Low power partitioning approach
Low power partitioning approach has been successfully designed, fabricated, and measured.

  • Different HW resources are invoked according to the instruction executed at a specific point in time

  • During the execution of the add op., ALU and register are used, but Multiplier is in idle state.

  • Non-active resources will still consume energy since the according circuit continue to switch

  • Calculate wasting energy

  • Adding application specific core and partial running

    Whenever one core performing, all the other cores are shut down


Asip application specific instruction processors design
ASIP ( has been successfully designed, fabricated, and measured.Application Specific Instruction Processors) Design

  • Given a set of applications, determine micro architecture of ASIP (i. e., configuration of functional units in datapaths, instruction set)

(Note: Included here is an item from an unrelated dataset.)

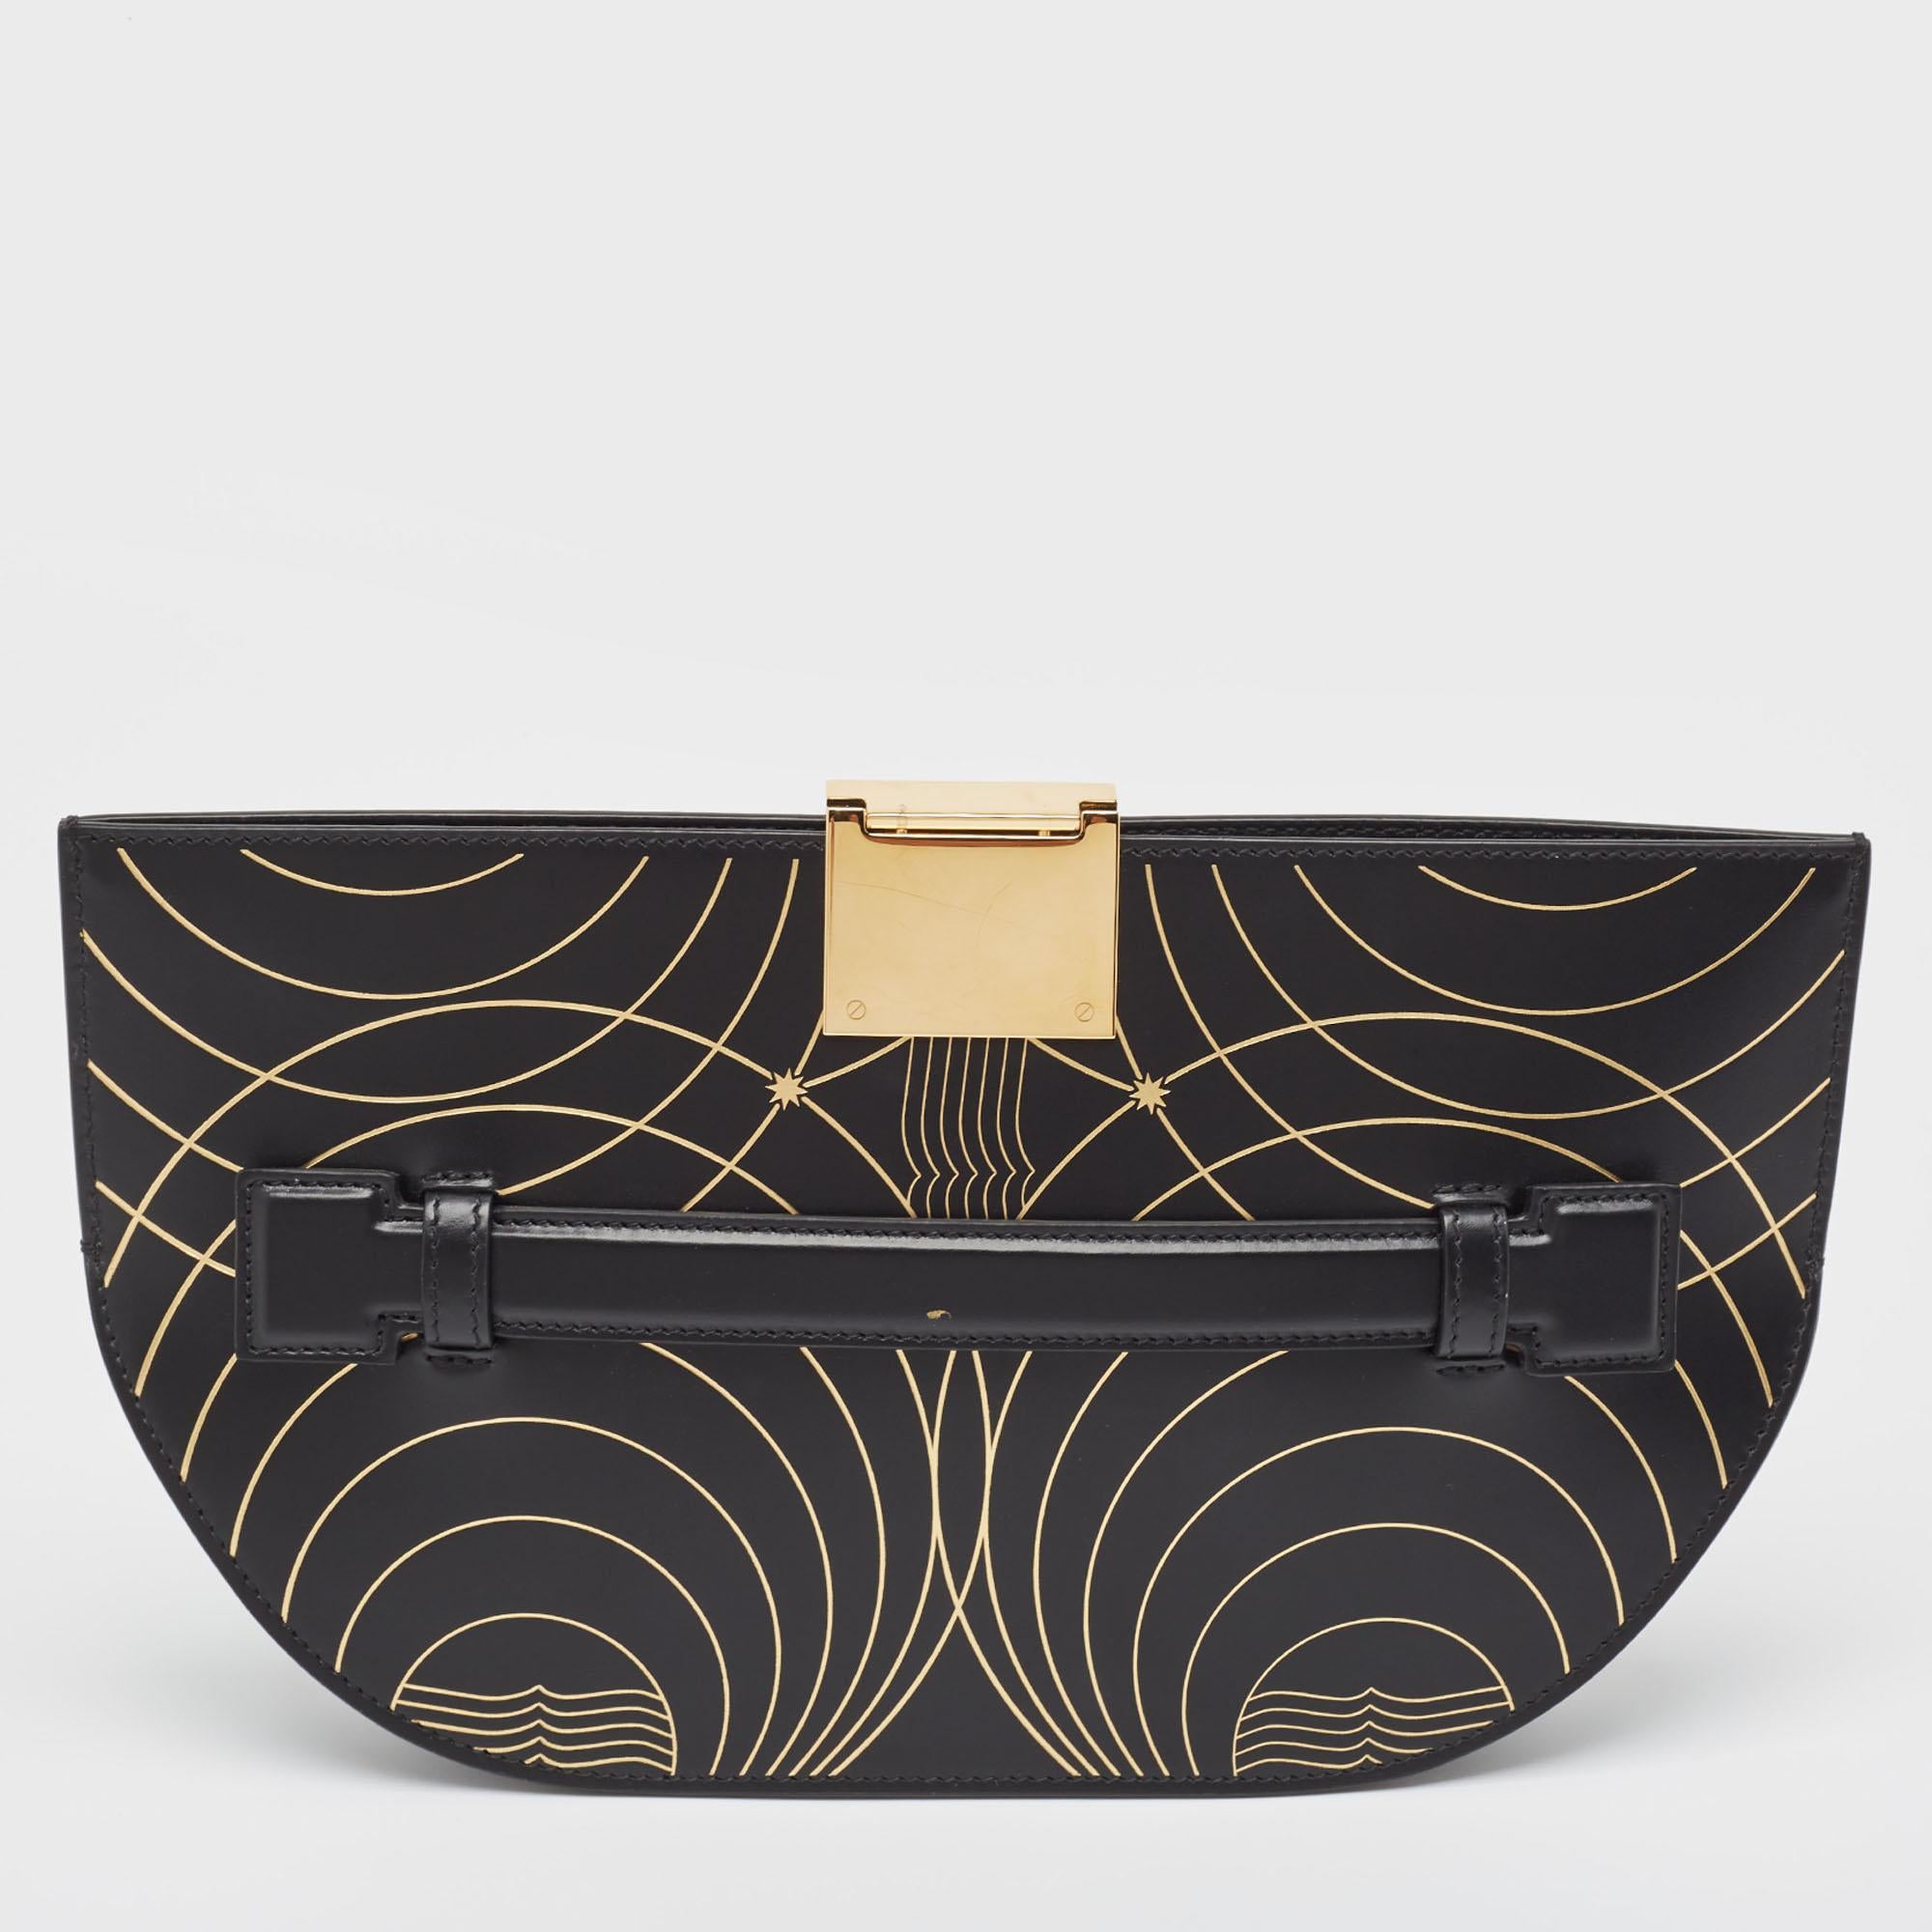 Burberry Black/Gold Printed Leather Olympia Wristlet Clutch For Sale 4

  • To accurately evaluate performance of processor on a given application need to compile the application program onto the processor datapath and simulate object code.

  • The micro architecture of the processor is a design parameter!


Asip design flow
ASIP Design Flow has been successfully designed, fabricated, and measured.


Cross disciplinary nature
Cross-Disciplinary nature has been successfully designed, fabricated, and measured.

  • Software for low power:loop transformation leads to much higher temporal and spatial locality of data.

  • Code size becomes an important objective Software will eventually become a part of the chip

  • Behavior-platform-compiler codesign: codesigned with C++ or JAVA, describing their h/w and s/w implementation.

  • Multidisciplinary system thinking is required for future designs (e.g., Eindhoven Embedded Systems Institutehttp://www.eesi.tue.nl/english)


Vlsi signal processing design methodology
VLSI Signal Processing Design Methodology has been successfully designed, fabricated, and measured.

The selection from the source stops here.